Клавдия опустила взгляд на свои босоножки и грустно покачала головой.
— Вот этого Катя и боялась, — сказала она, тяжело дыша.
— Чего?
— Тебя! — Слегка отодвинувшись на дубовом стуле, как бы отстраняясь от дышащего ей в лицо Лавра, женщина поднялась на ноги. Ростом Клавдия была приблизительно равной с Лавриковым.
— Зачем меня бояться? — Законник отступил на пару шагов назад. — Я — не Кащей.
— Боялась, что из-за уголовных ваших законов мерзких ты ребенка погубить можешь. — Слова Клавдии были хлесткими, зычными, как удары молота о наковальню. Она возвращала себе свой привычный апломб, прекрасно осознав, насколько глупым и несуразным было ее решение явиться в этот дом. На человечность рассчитывала! Смешно! А вот сейчас терять уже было нечего. Хоть выговориться есть возможность. Благо дело собеседник тот, который нужен. — И пацану ни звука не говорила. Мысли даже не было тебе объявиться.
— Значит, у нее, у соблазненной и покинутой, не было, — грубо перебил ее словоизлияния Лавр. — А ты — объявилась?
— И я бы не пошла ни за что, — твердо заявила женщина. — Только Федечка — гений. А его в университет не приняли — с проходным баллом, но без папы-мамы.

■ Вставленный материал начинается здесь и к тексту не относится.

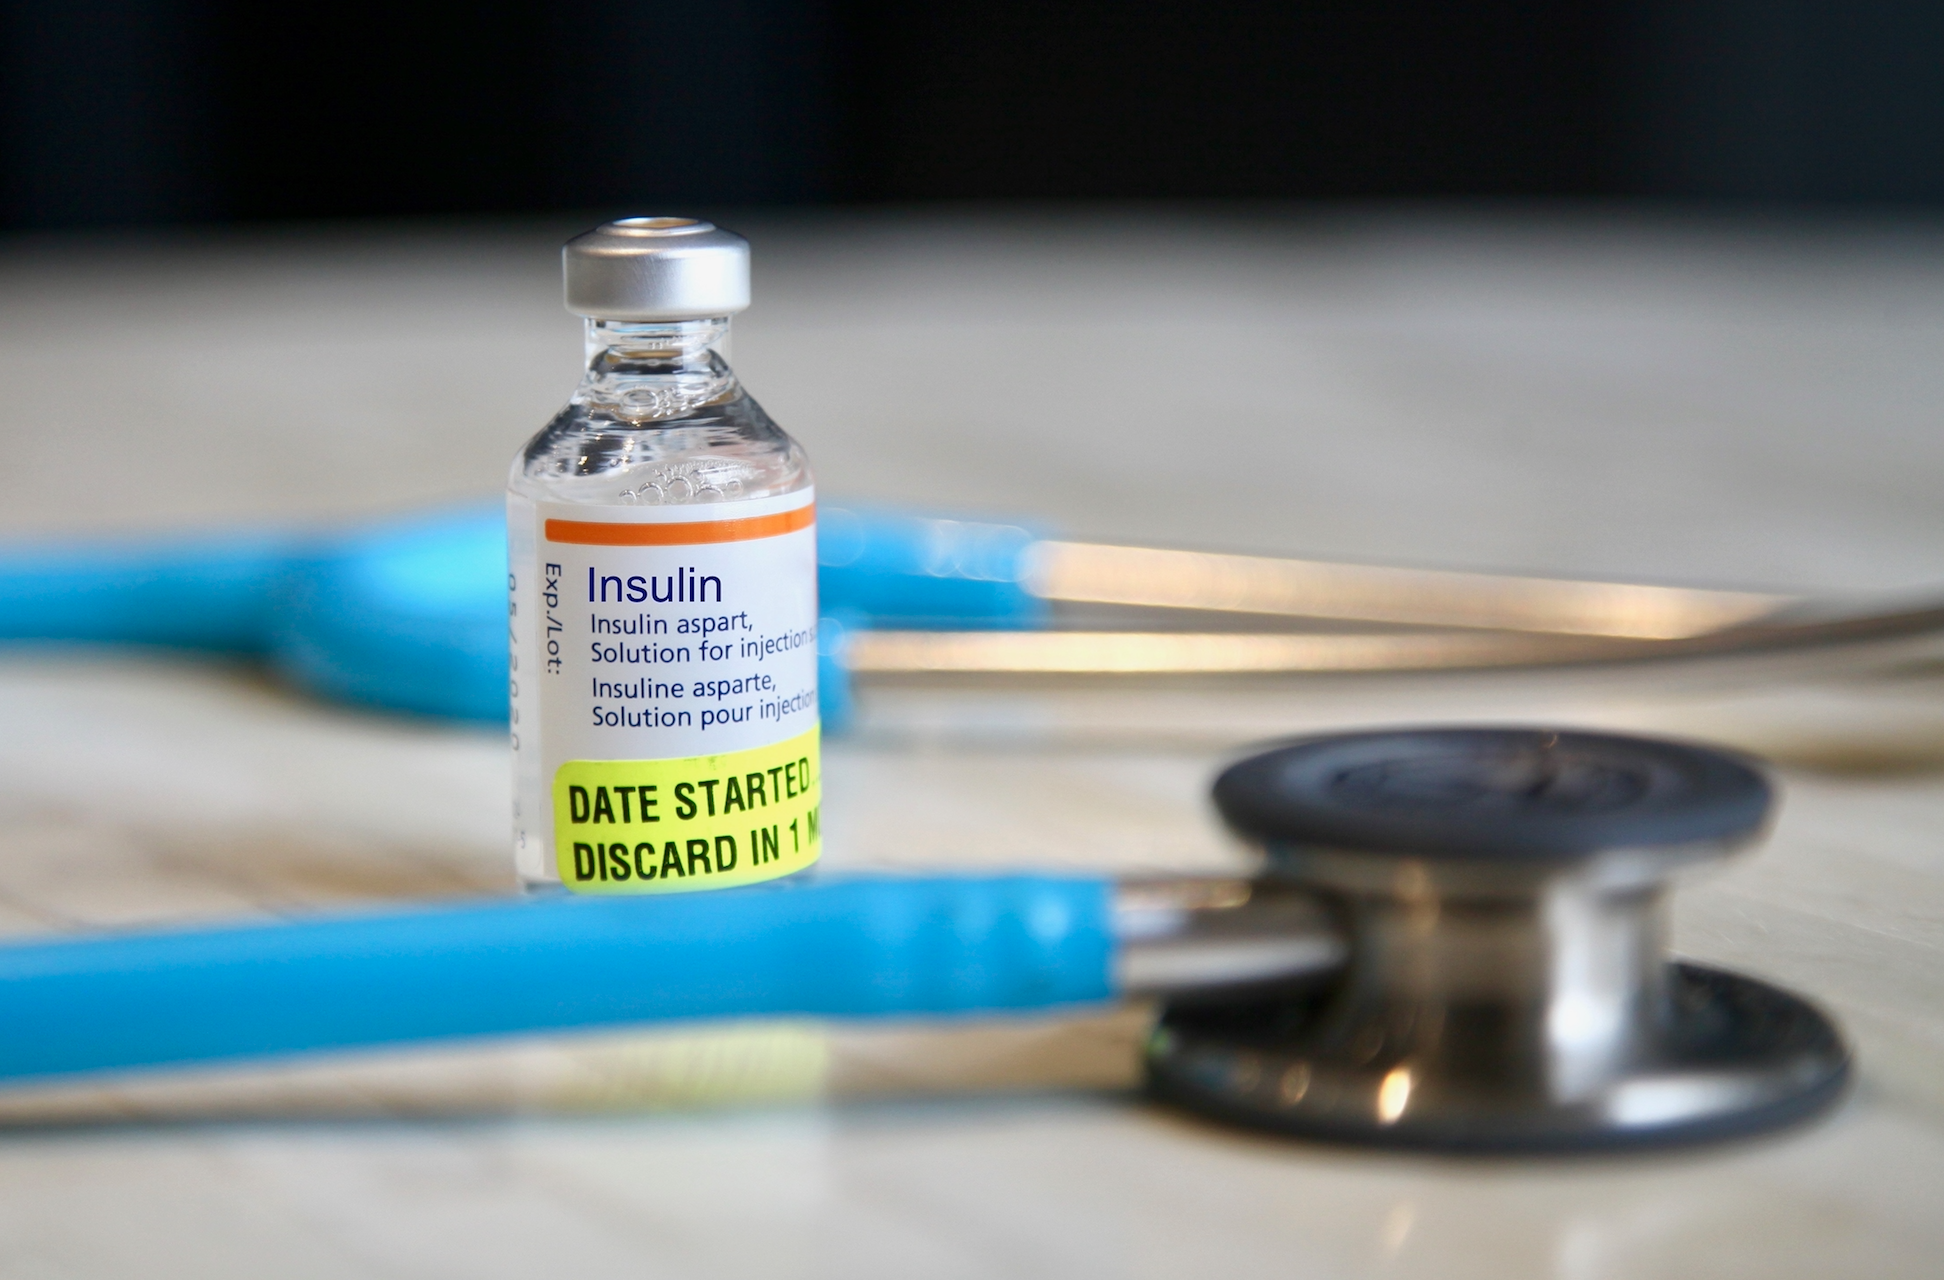 KFF: $ 35 monthly insulin cost cap could benefit 1 in 4 Americans in individual, small group plans

Двести долларов в месяц требуют за подготовительные курсы. Куда ни плюнь — мафия везде!
На мгновение Лавру показалось, что Клавдия действительно собирается плюнуть на кафельные полы его личных апартаментов.
— Двести — это проблема? — Авторитет в изумлении рельефно изогнул левую бровь и выудил-таки сигарету изо рта.
Клавдия горько усмехнулась. Она прекрасно понимала, что у нее самой и сидящего перед ней состоятельного мужчины абсолютно разные представления о больших и маленьких суммах. То, что она считала двести долларов баснословной суммой, обладать которой было чем-то из области ненаучной фантастики, вовсе не означало это для Лавра. Федор Павлович, по представлениям Розгиной, мог и за день столько тратить на вещи совершенно ненужные. Женщина непроизвольно уставила рассеянный взгляд в собственные коленки и неизвестно зачем одернула скромненькое ситцевое платьице, приобретенное бог знает в каком году.
— Где мне их взять, когда вся зарплата наполовину меньше тянет?! — с грустной иронией по отношению к самой себе сказала она. — И ребенка кормить надо растущего, и компьютер его жрет денег о-го-го.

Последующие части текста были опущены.